There's a part of Paul Ford's talk 10 Timeframes where he goes over the various incrementations we apply to our daily lives and how our understanding of time with the advent of computers has become progressively more infintessimal down now to the nanosecond. Eventually he settles on the "heartbeat" as the most genuine temporal segment selected for its consistency in tenor-ing time and for its humanity.

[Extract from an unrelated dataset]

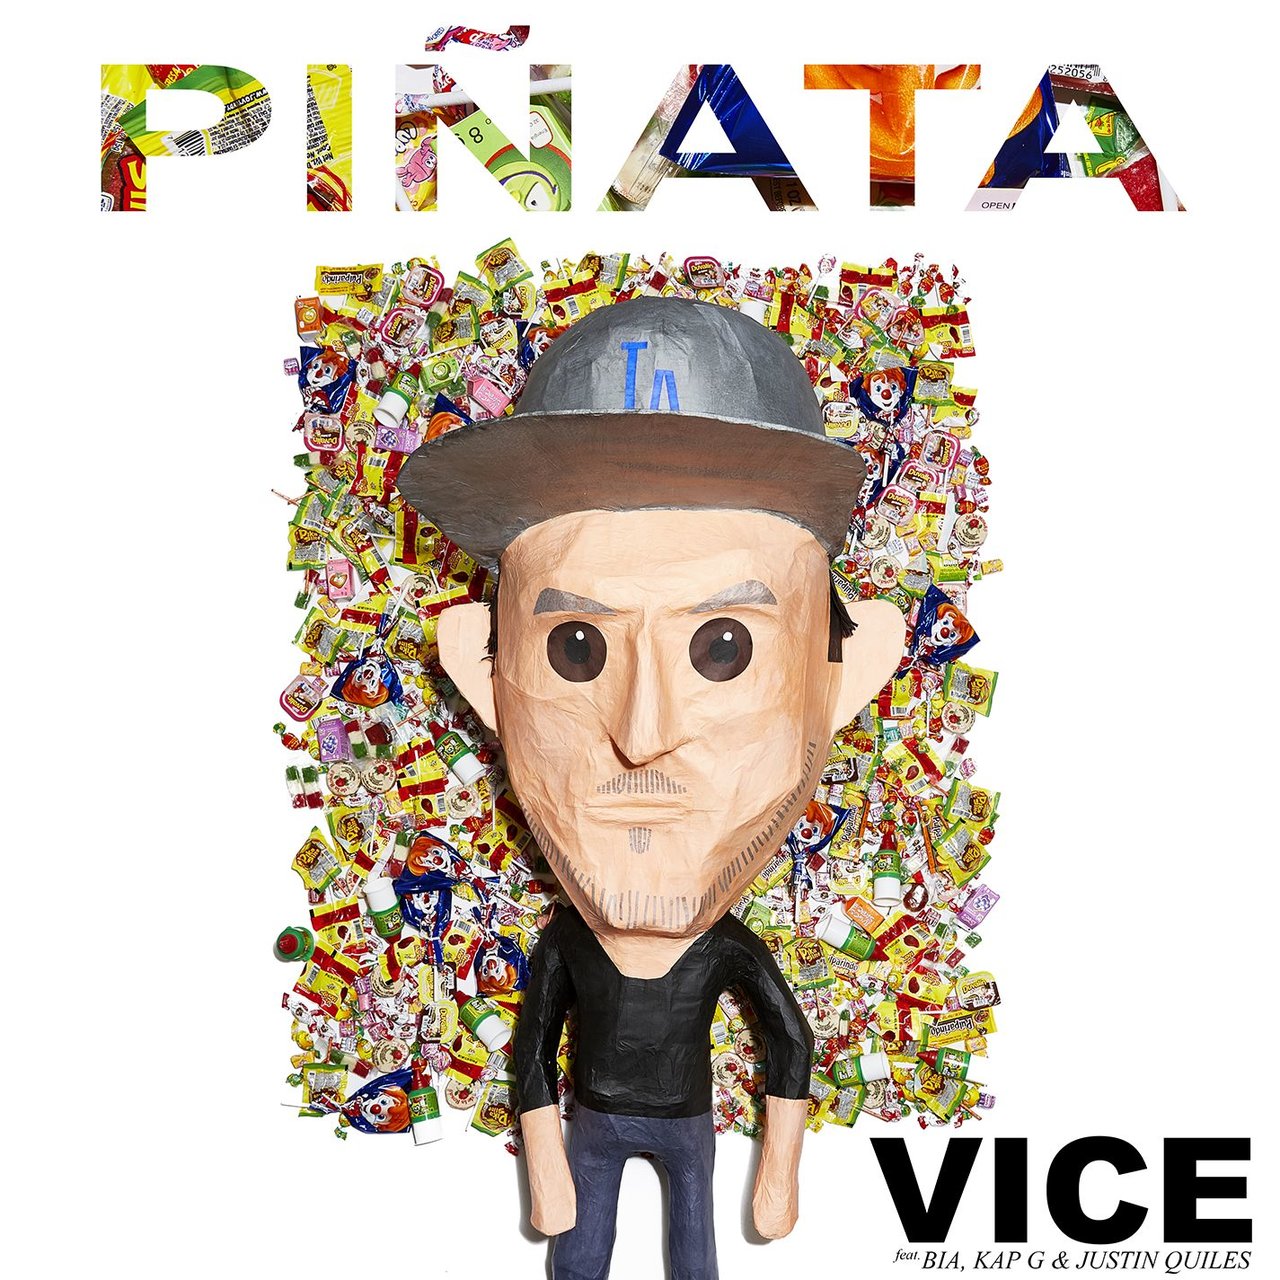 Vice featuring BIA, Kap G, & Justin Quiles — Piñata cover artwork
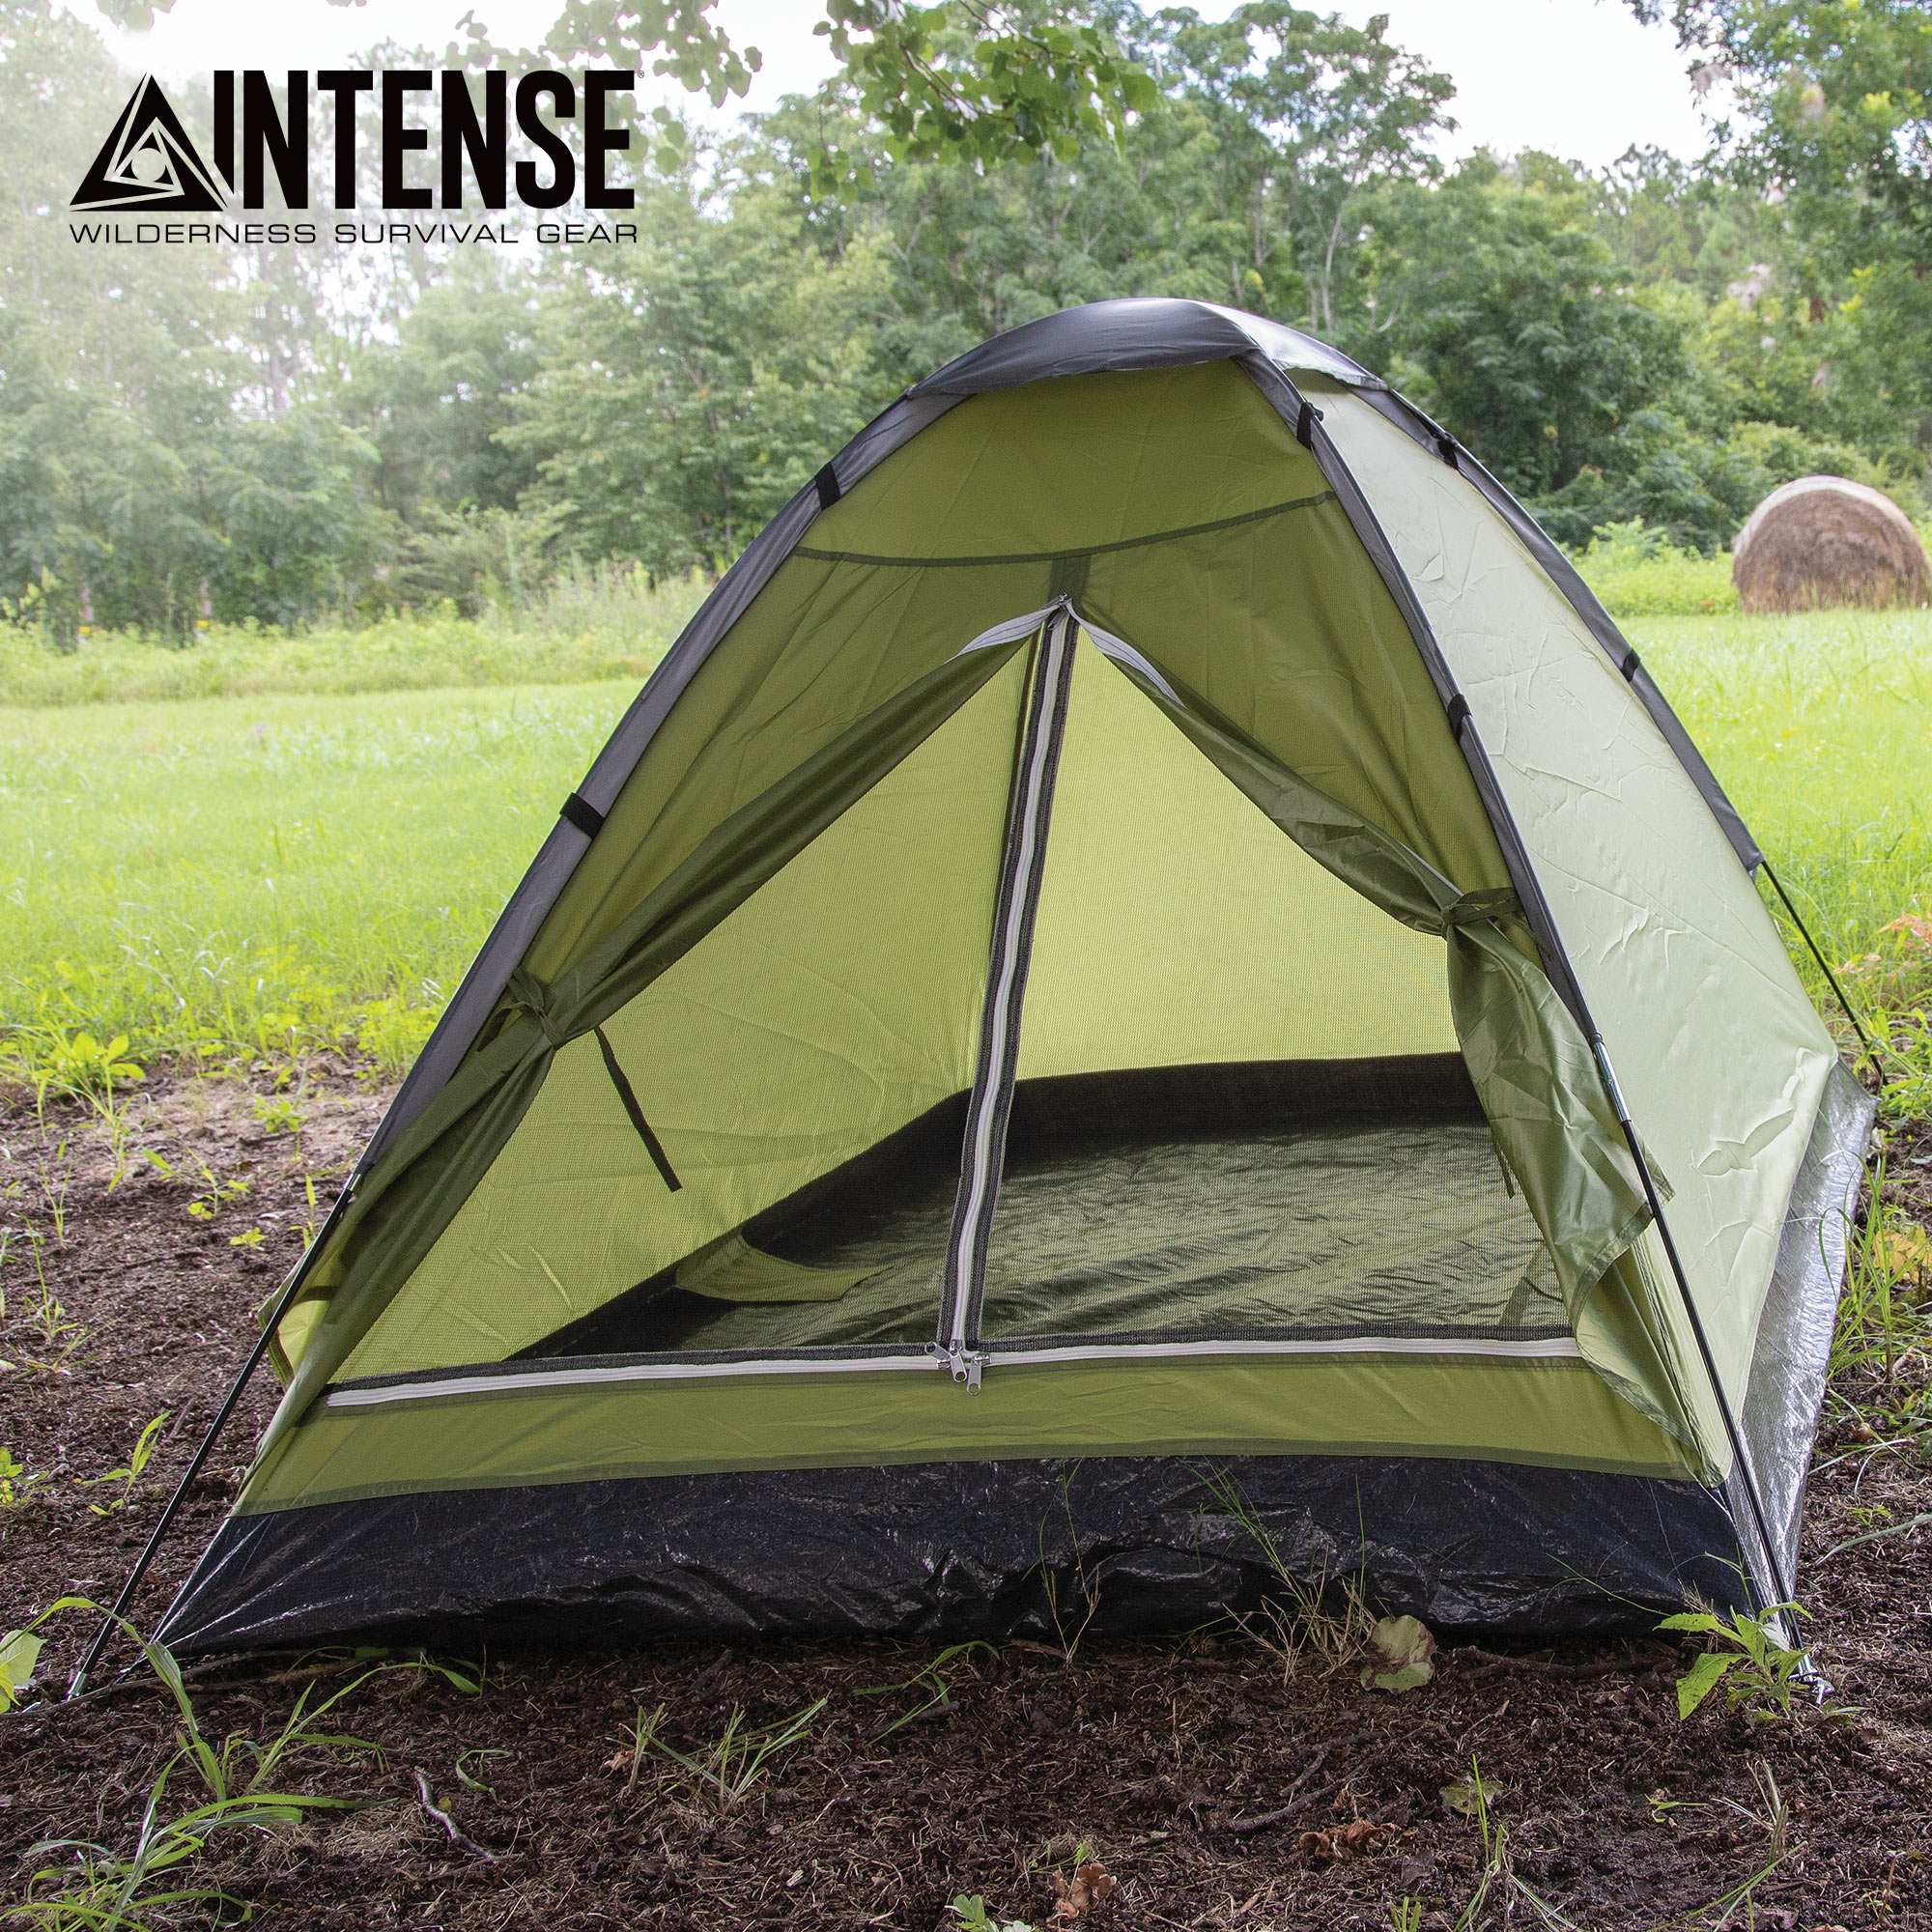 Intense Ultra-Light Two-Person OD Dome Tent - 180T Polyester Construction, PA Coating, Fiberglass Poles, Polyethylene Groundsheet

Often when we build digital things I think we emphasize the mechanics of them over the human expressive potential they enable. There's a humanism to making maps human-designed guides for global navigation and sometimes I get the opportunity to plot data to a map like the thumpthump of a heartbeat on our planet; somehow feebily expressive of the natural breath and health of our globe as it grows. I work for a tech company that builds open source tools to crowdsource mapping accross the planet; we're called Ushahidi a word that means "witness"" in Swahili. Occasionally we dabble in plugging sensor data into deployments of our self-titled mapping platform.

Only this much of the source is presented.